10 juin 2015 : Dialogue social et emploi ( rapport - première lecture )

N° 501

SÉNAT

SESSION ORDINAIRE DE 2014-2015

Enregistré à la Présidence du Sénat le 10 juin 2015

RAPPORT

FAIT

au nom de la commission des affaires sociales (1) sur le projet de loi, ADOPTÉ PAR L'ASSEMBLÉE NATIONALE après engagement de la procédure accélérée, relatif au dialogue social et à l'emploi,

Par Mme Catherine PROCACCIA,

Sénateur

(1) Cette commission est composée de : M. Alain Milon, président ; M. Jean-Marie Vanlerenberghe, rapporteur général ; M. Gérard Dériot, Mmes Colette Giudicelli, Caroline Cayeux, M. Yves Daudigny, Mme Catherine Génisson, MM. Jean-Pierre Godefroy, Gérard Roche, Mme Laurence Cohen, M. Gilbert Barbier, Mme Aline Archimbaud, vice-présidents ; Mme Agnès Canayer, M. René-Paul Savary, Mme Michelle Meunier, M. Jean-Louis Tourenne, Mme Élisabeth Doineau, secrétaires ; MM. Michel Amiel, Claude Bérit-Débat, Mme Nicole Bricq, MM. Olivier Cadic, Jean-Pierre Caffet, Mme Claire-Lise Campion, MM. Jean-Noël Cardoux, Daniel Chasseing, Olivier Cigolotti, Mmes Karine Claireaux, Annie David, Isabelle Debré, Catherine Deroche, M. Jean Desessard, Mme Chantal Deseyne, M. Jérôme Durain, Mme Anne Emery-Dumas, MM. Michel Forissier, François Fortassin, Jean-Marc Gabouty, Mme Françoise Gatel, M. Bruno Gilles, Mmes Pascale Gruny, Corinne Imbert, MM. Éric Jeansannetas, Georges Labazée, Jean-Baptiste Lemoyne, Mmes Hermeline Malherbe, Brigitte Micouleau, Patricia Morhet-Richaud, MM. Jean-Marie Morisset, Philippe Mouiller, Louis Pinton, Mmes Catherine Procaccia, Stéphanie Riocreux, M. Didier Robert, Mme Patricia Schillinger, MM. Michel Vergoz, Dominique Watrin, Mme Evelyne Yonnet.

Voir le(s) numéro(s) :

Assemblée nationale (14ème législ.) :

2739, 2770, 2773, 2792 et T.A. 521

Sénat :

476, 490, 493 et 502 (2014-2015)

LES CONCLUSIONS DE LA COMMISSION DES AFFAIRES SOCIALES

Réunie le mercredi 10 juin 2015 sous la présidence de M. Alain Milon, la commission des affaires sociales a examiné, sur le rapport de Mme Catherine Procaccia, le projet de loi n° 476 (2014-2015) relatif au dialogue social et à l'emploi. Constatant qu'il s'agissait davantage d'un texte de simplification que d'une réforme de grande ampleur, elle l'a modifié en adoptant 66 amendements, dont 63 de son rapporteur.
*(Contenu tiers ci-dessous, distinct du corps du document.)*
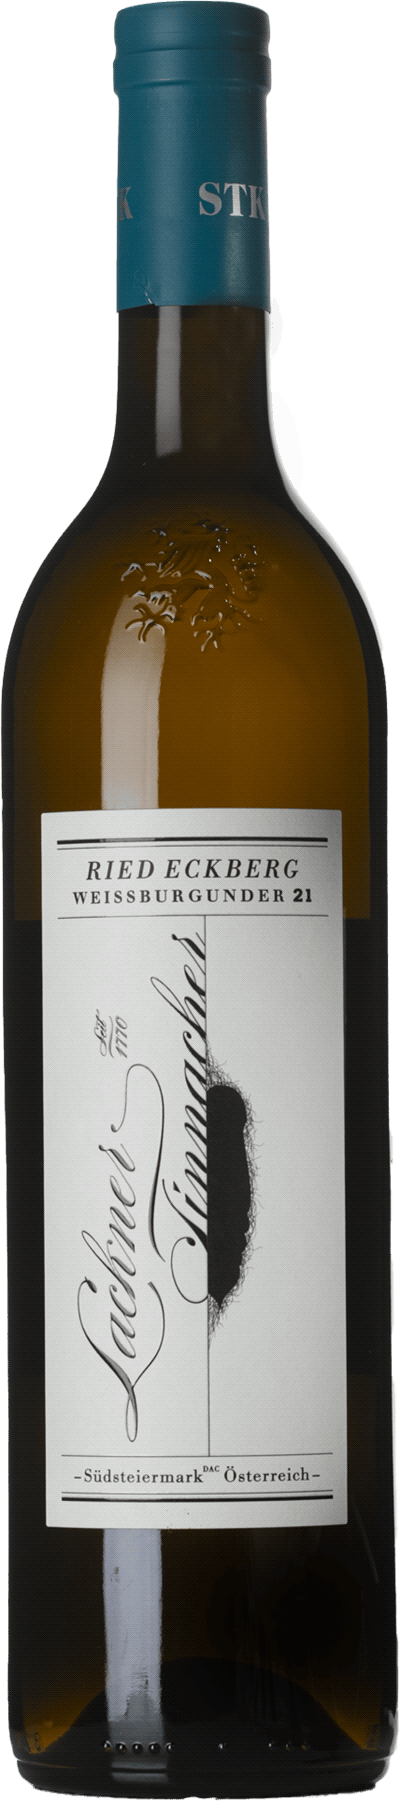 Ried Eckberg Weissburgunder Weingut Lackner-Tinnacher

A l'article 1er, qui prévoit la création en 2017 de commissions paritaires régionales interprofessionnelles (CPRI) pour représenter les salariés et les employeurs des très petites entreprises (TPE), la commission a rejeté la logique d'une structure imposée par la loi et confié aux partenaires sociaux, par accord national ou, à défaut, régional, le soin de les mettre en place. Elle a rétabli le texte initial du Gouvernement en leur ôtant toute mission de médiation et en réaffirmant le principe selon lequel leurs membres ne peuvent accéder à l'entreprise, sauf autorisation expresse de l'employeur et moyennant un délai de prévenance de huit jours. Pour la mise en oeuvre de cet article, les partenaires sociaux nationaux devront ouvrir une négociation dans un délai de six mois à compter de la promulgation de la loi. A défaut d'accord, les organisations syndicales et patronales devront négocier dans chaque région avant le 1er juillet 2017.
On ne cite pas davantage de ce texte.